How to use dummy data in an ehrQL measures definition🔗
Refer to the Measures reference documentation for more information on how to use measures.
Similarly to dataset definitions, there are also three ways to use dummy data with a measures definition in ehrQL.
Let ehrQL generate dummy measures from your measures definition🔗
You do not need to add anything to the measures definition itself in order to generate a dummy dataset in this way. ehrQL will use the measures definition to set up dummy data and generate matching patients.
By default, 500 patients will be generated in a dummy measures output. If you need to increase this number, you can configure it in the measures definition with:
measures.configure_dummy_data(population_size=1000)
Increasing the population size will increase the time required to generate the measures.
Supply your own dummy measures🔗
You can provide a dummy measures file in the following formats.
Format | File extension |
---|---|
CSV | .csv |
Compressed CSV | .csv.gz |
Arrow | .arrow |
Your file must have the relevant file extension shown in the table above.
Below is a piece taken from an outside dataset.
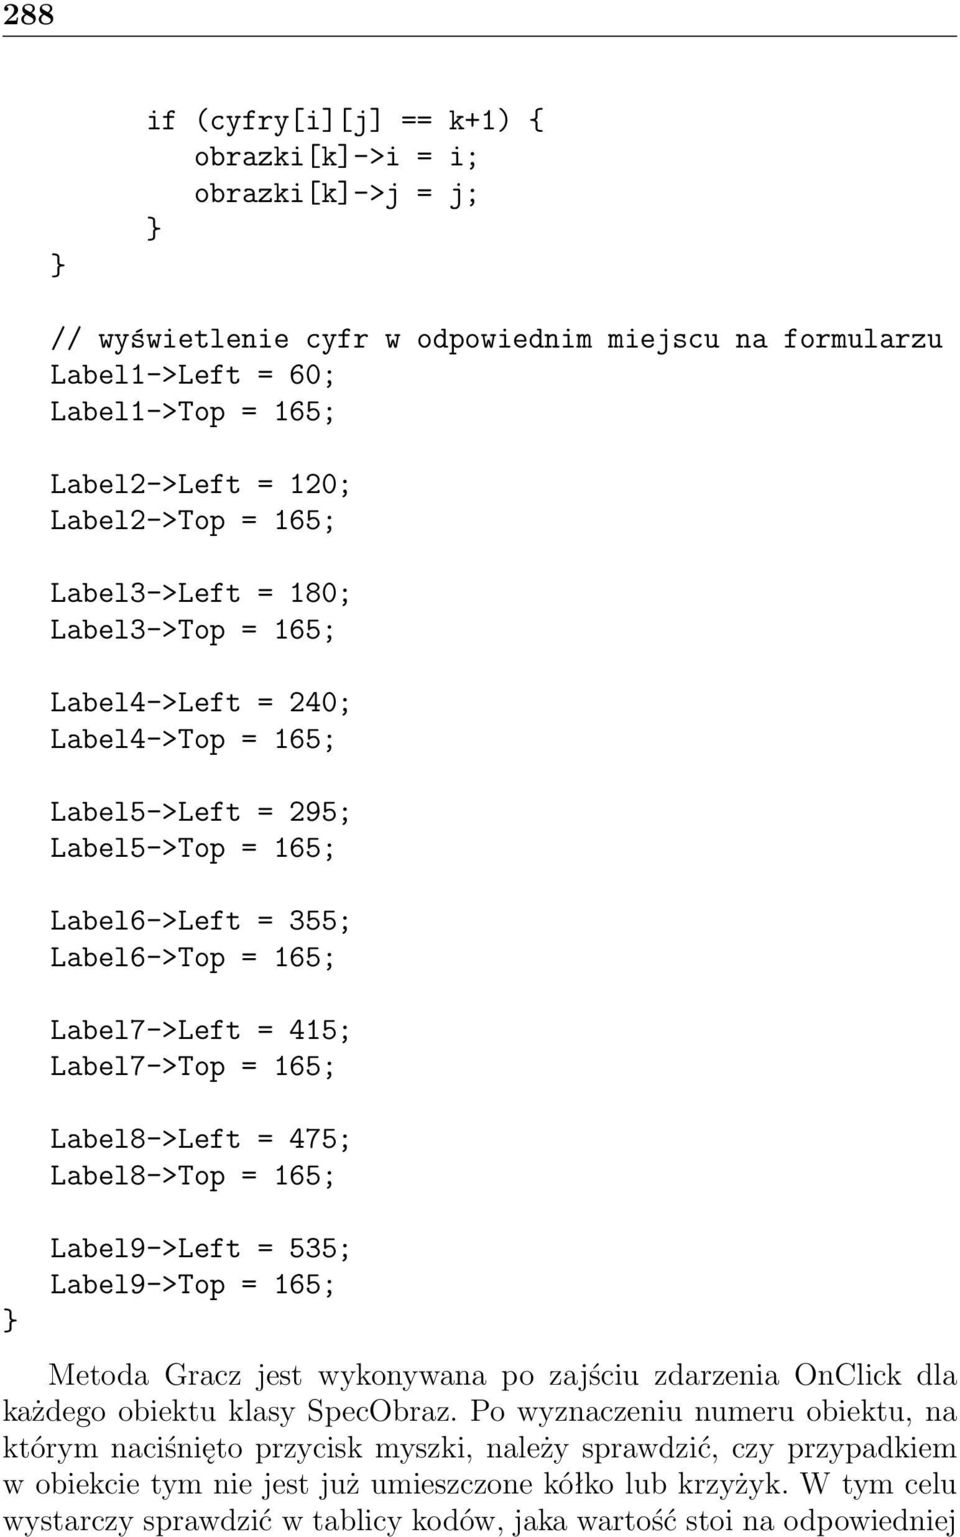 Label8->Left = 475; Label8->Top = 165; Label9->Left = 535; Label9->Top = 165; Metoda Gracz jest wykonywana po zajściu zdarzenia OnClick dla każdego obiektu klasy SpecObraz.

For example, take this simple measures definition:
from ehrql import create_measures, years
from ehrql.measures import INTERVAL
from ehrql.tables.beta.core import patients, clinical_events
events_in_interval = clinical_events.where(clinical_events.date.is_during(INTERVAL))
had_event = events_in_interval.exists_for_patient()
intervals = years(2).starting_on("2020-01-01")
measures = create_measures()
measures.define_measure(
"had_event_by_sex",
numerator=had_event,
denominator=patients.exists_for_patient(),
group_by={"sex": patients.sex},
intervals=intervals,
)
And this dummy measures, in a CSV file named dummy_measures.csv
:
measure | interval_start | interval_end | ratio | numerator | denominator | sex |
---|---|---|---|---|---|---|
had_event_by_sex | 2020-01-01 | 2021-12-31 | 0.25 | 2 | 8 | female |
had_event_by_sex | 2020-01-01 | 2021-12-31 | 0.5 | 3 | 6 | male |
had_event_by_sex | 2021-01-01 | 2021-12-31 | 0.1 | 1 | 10 | female |
had_event_by_sex | 2021-01-01 | 2021-12-31 | 0.0 | 0 | 2 | male |
Run the measures definition with the dummy measures output file:
opensafely exec ehrql:v0 generate-measres measures_definition.py --dummy-data-file dummy_measures.csv
Now, instead of generated dummy measures output, you'll see the data from the dummy data file that you provided.
Dummy measures errors🔗
ehrQL will check the column names, types and categorical values in your dummy measures output file. If errors are found, they will be shown in the terminal output.
Supply your own dummy tables🔗
A measures definition uses the same underlying data tables as a dataset definition. As such, you can use the same process to supply dummy data tables for a measures definition.